In the past few years, the Law Enforcement Torch Run for Special Olympics has been run in pleasant breeze and stifling heat.

On Tuesday there was rain that seemed to follow the torch as it was carried from Bolingbrook to New Lenox.

The Law Enforcement Torch Run is the single largest year-round fundraising event benefiting Special Olympics Illinois, according to the event’s website. The annual relay and its fundraising projects aim to raise money and to gain awareness for the athletes who participate in Special Olympics Illinois.

Tuesday’s run began at Bolingbrook Village Hall and the Flame of Hope was carried down Route 53. Lockport police officer Debbie Schenk, who coordinated the run locally, said the event gets a lot of attention long before passing motorists or pedestrians see the runners.

“The slow-moving emergency vehicles always draw attention. There were a lot of stares on Route 53, but also a lot of honking in support once they saw [the runners],” Schenk said.

Members of a local running club joined police when the torch was brought through Romeoville. To include other agencies, the run headed a few blocks south of Lockport to pass by state police headquarters and the edge of Crest Hill before turning around to cross over the Ninth Street bridge.

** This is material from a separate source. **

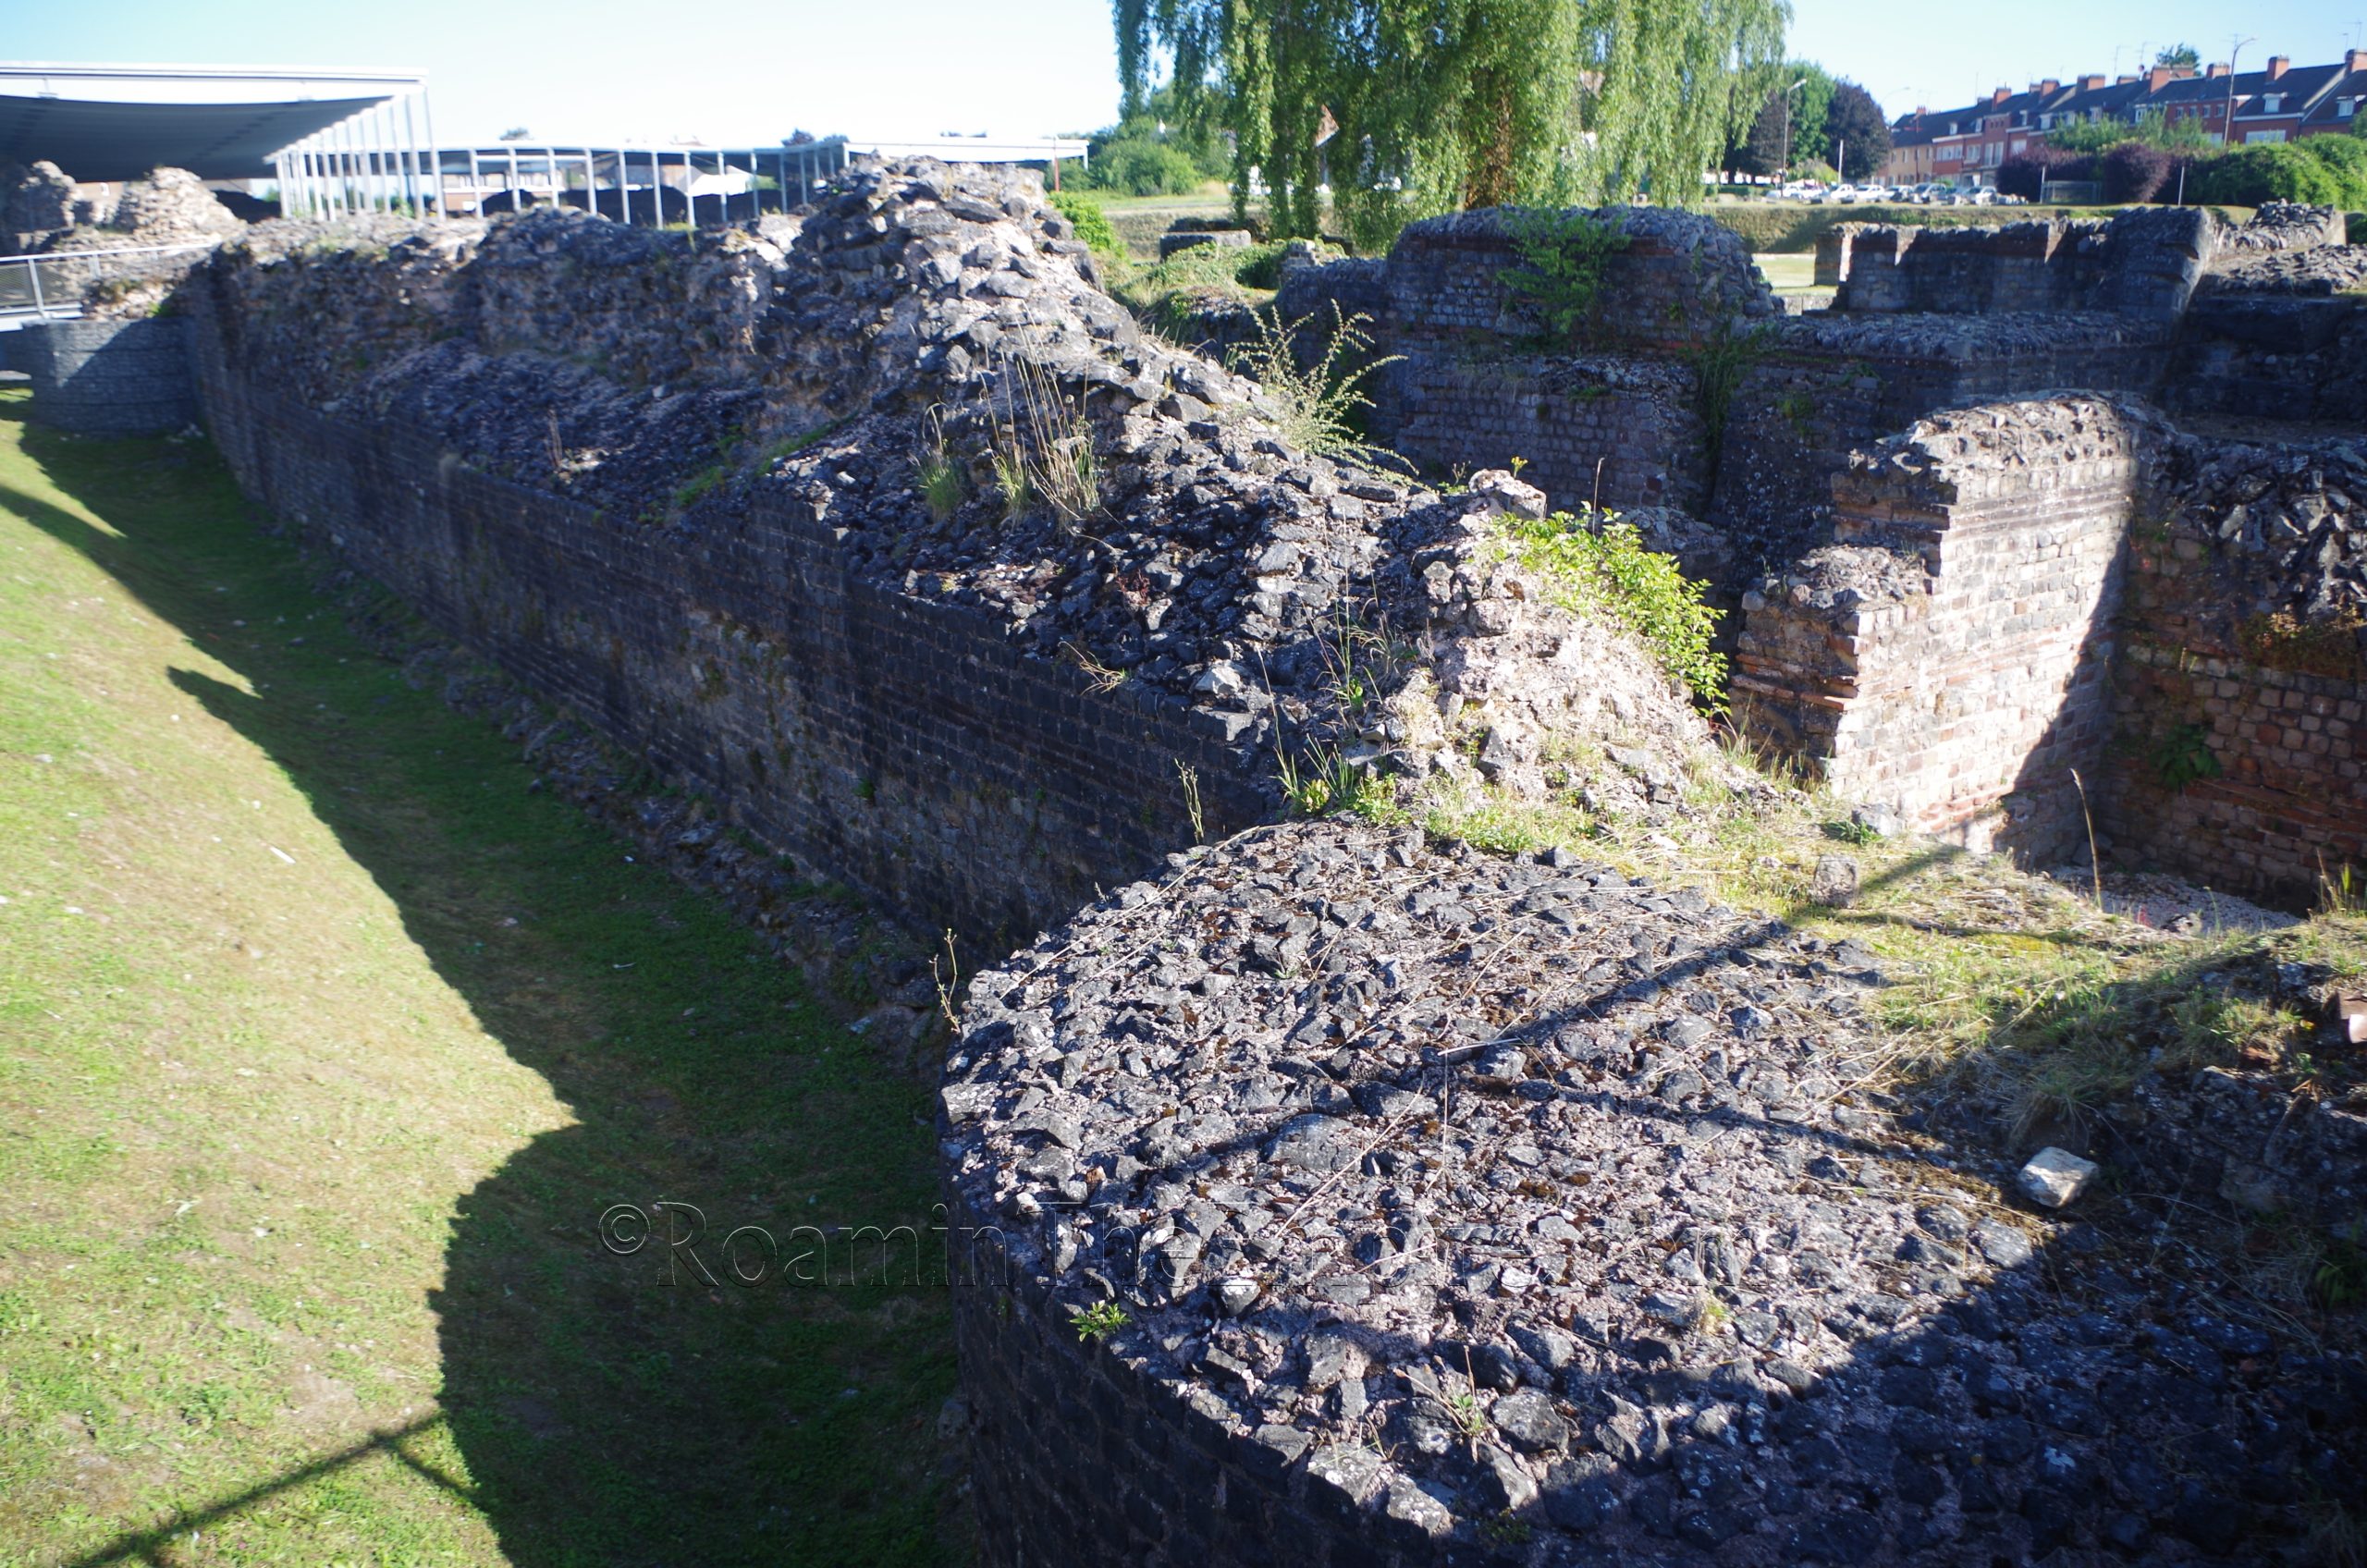 Remains of the 3rd-4th century walls enclosing the forum.

On State Street, Lockport Township and Homer Township firefighters positioned ladder trucks to hang a big American flag over the runners’ path. The flag is secured with bungee cords and hooks, but it requires concentration to synchronize two platforms designed for work, not display.

“You have to bring both ladders up at the same time. The flag will stretch a little, but it wouldn’t look good if we ripped it,” Lockport Township Deputy Chief John Kure said.

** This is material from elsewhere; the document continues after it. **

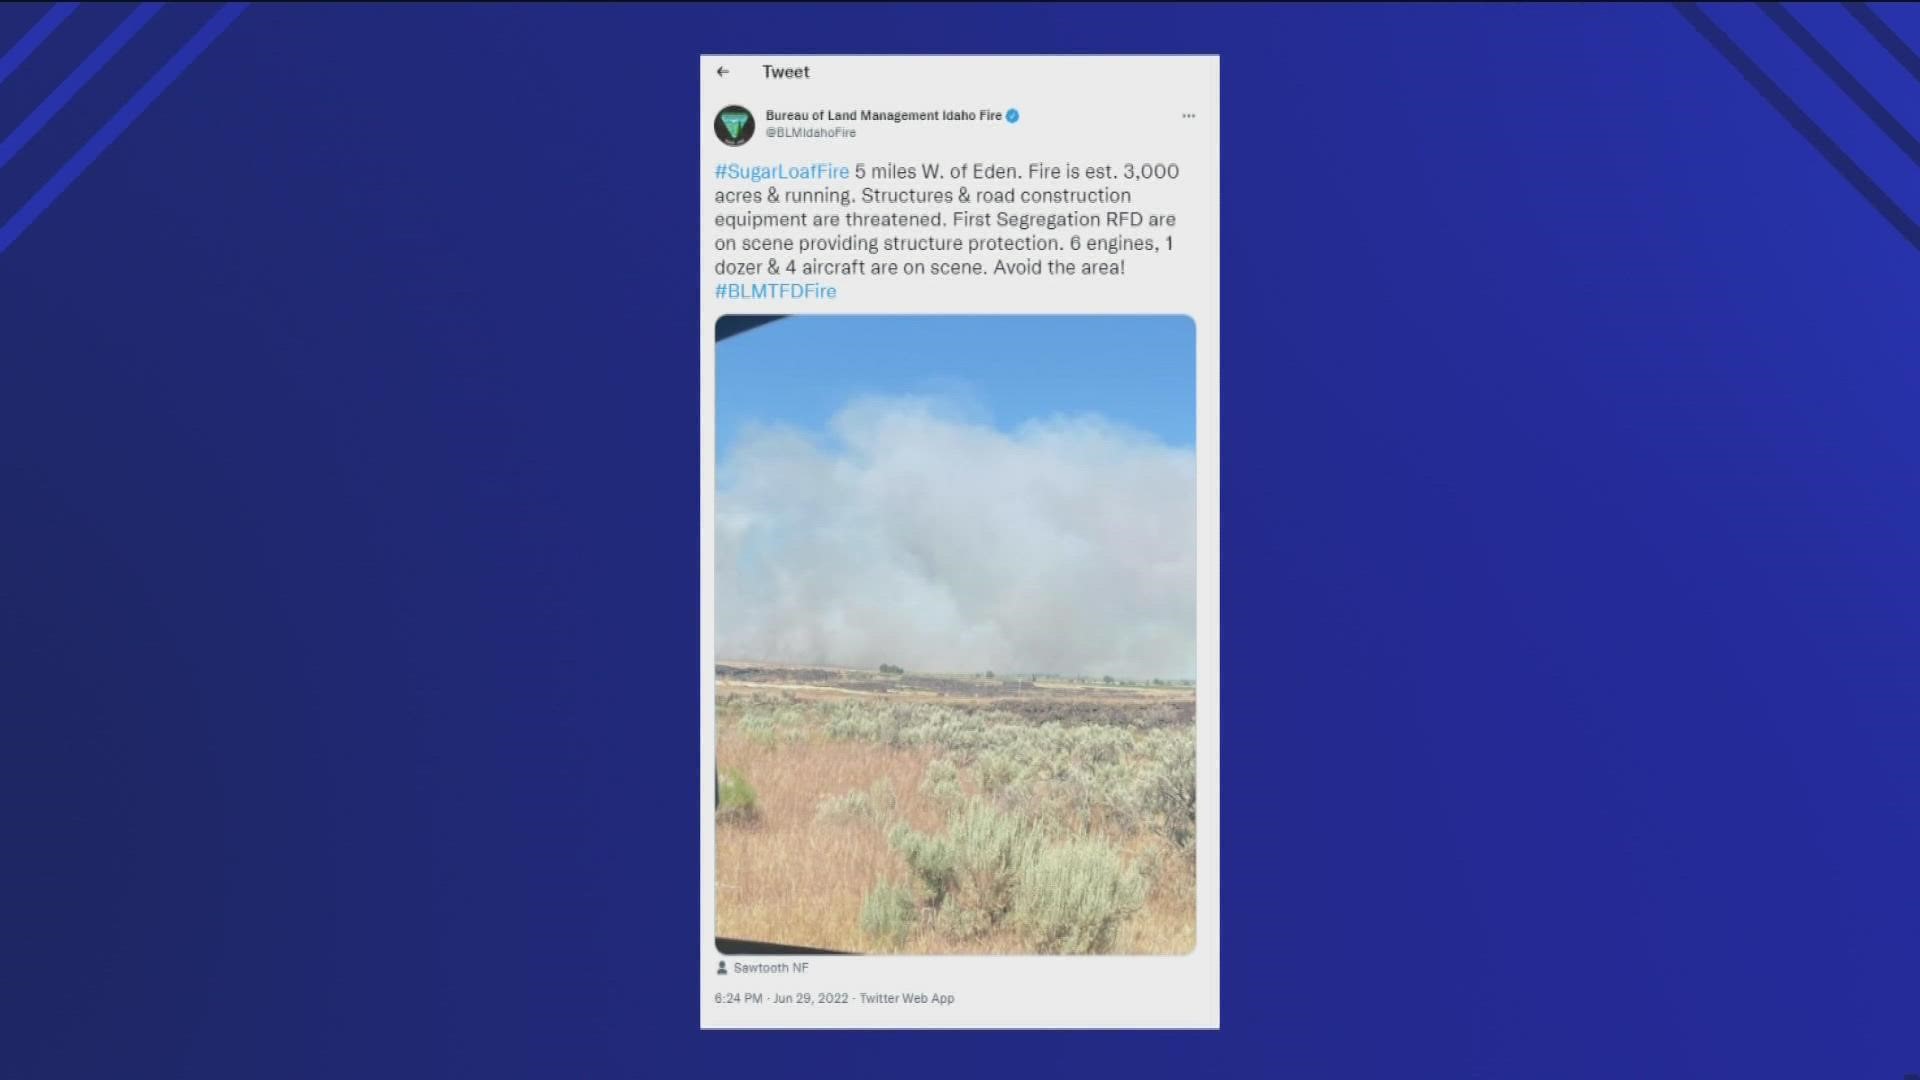 The fire is estimated to be over 3,000 acres and running.

The steady rain that had some Lockport officers standing under trees as they waited had eased into a drizzle when the torch arrived. Chief Terry Lemming, Lt. Ron Huff and officers Kevin Brauch, Marty Hamilton, Dennis Ivanich and Shaun Kelly met Schenk in a parking lot just southeast of the bridge to accept the hand-off.

The Lockport police were joined by Will County Sheriff’s Deputy Steve Kirsch and his daughter Rikki for their lap around City Hall.

While the torch run is heading to Hancock Stadium in Normal for the state games, Rikki Kirsch will compete next week in the National Special Olympics in New Jersey. Kirsch will participate in the 25-meter backstroke, 25-meter butterfly, 50-meter freestyle and a relay with three other swimmers.

Coincidentally, Schenk was Kirsch’s first swimming coach.

“Don’t pull anything running [with the torch]. You have to compete,” Schenk told her just before the hand-off. Kirsch promised not to strain herself running because she had swim practice in the afternoon.

“I’m practicing more [as it gets closer]. I’m both more tired and more excited,” Kirsch said.

Tuesday’s leg of the torch run ended in New Lenox and will begin again Wednesday in Chicago to travel to Kankakee. Torch runs also will take place in other communities throughout the state this week.

As the torch came down State Street, Pam Hirth and Kaylynn Bown left their nearby office to applaud.

“This looks so cool. We just want to show support,” Hirth said.

Hirth and Bown went back to work. Kirsch went to swim and Schenk drove ahead of the procession to make sure the road was clear for Kirsch’s father, another deputy and a correctional transport officer to carry the torch down to Joliet.